Justin Sybrandt, Ilya Tyagin, Michael Shtutman, Ilya Safro             
Clemson University                                                     
paper: https://arxiv.org/abs/2002.05635.                               
                                                                       
abstract: Medical research is risky and expensive. Drug discovery, as  
an example, requires that researchers efficiently winnow thousands of  
potential targets to a small candidate set for more thorough           
evaluation. However, research groups spend significant time and money  
to perform the experiments necessary to determine this candidate set   
long before seeing intermediate results. Hypothesis generation systems 
address this challenge by mining the wealth of publicly available      
scientific information to predict plausible research directions. We    
present AGATHA, a deep-learning hypothesis generation system that can  
introduce data-driven insights earlier in the discovery process.       

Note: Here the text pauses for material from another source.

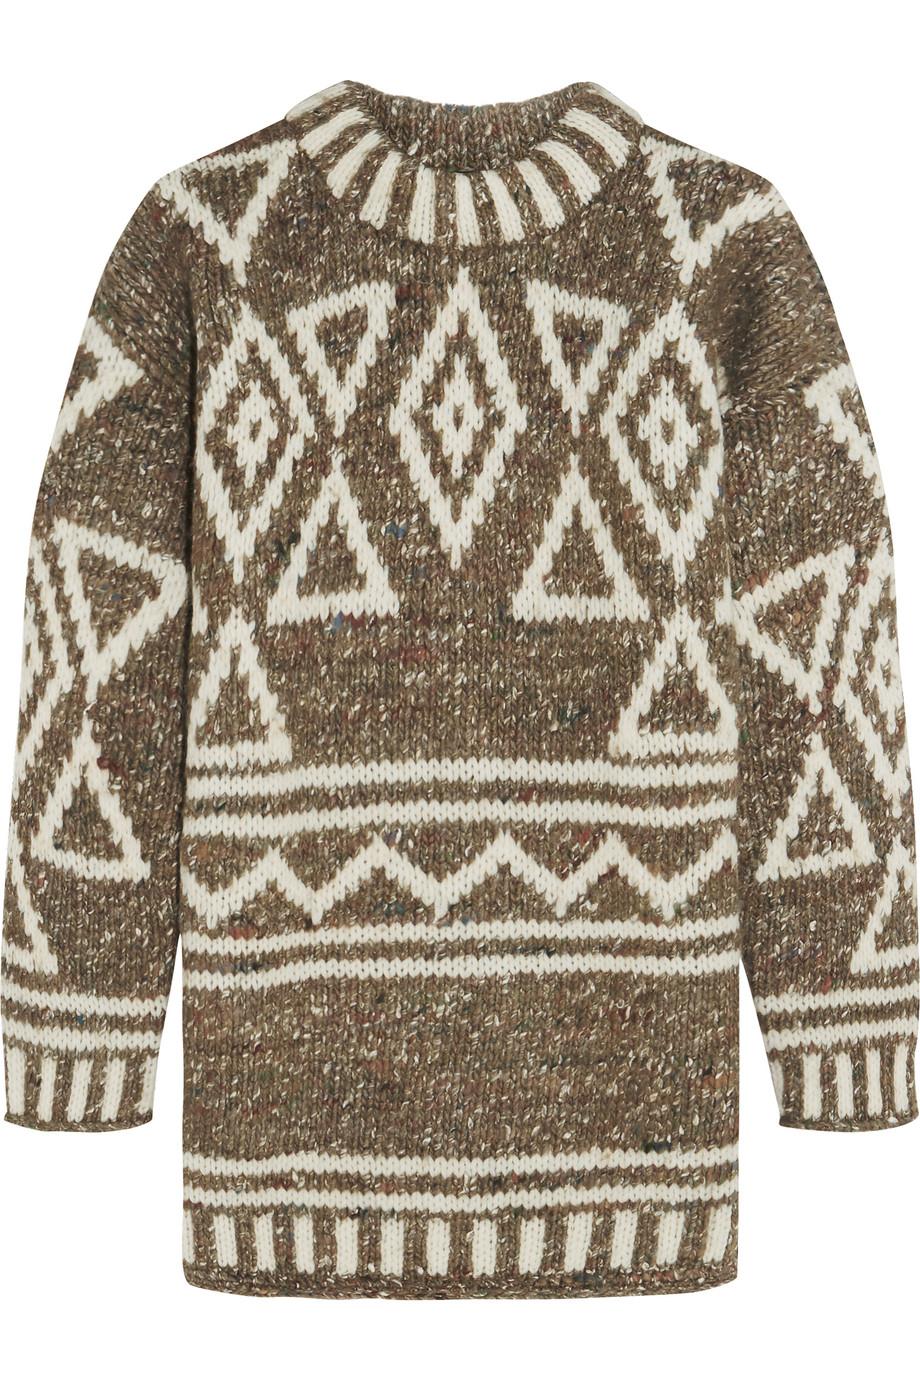 J.Crew Intarsia Merino Wool, Alpaca and Silk-Blend Sweater, Brown, Women's

Through a learned ranking criteria, this system quickly prioritizes    
plausible term-pairs among entity sets, allowing us to recommend new   
research directions. We massively validate our system with a temporal  
holdout wherein we predict connections first introduced after 2015     
using data published beforehand. We additionally explore biomedical    
sub-domains, and demonstrate AGATHA's predictive capacity across the   
twenty most popular relationship types. This system achieves           
best-in-class performance on an established benchmark, and demonstrates
high recommendation scores across subdomains. Reproducibility: All     
code, experimental data, and pre-trained models are available online:  
http://sybrandt.com/2020/agatha .                                      
                                                                       
Appears in the 29TH ACM Intl. Conf. on Information and Knowledge       
Management, Oct 2020.  https://www.cikm2020.org/                       
                                                                       
Details of this matrix:                                                
                                                                       
This matrix represents the semantic graph associated with the Agatha   
hypothesis generation system: https://arxiv.org/abs/2002.05635.        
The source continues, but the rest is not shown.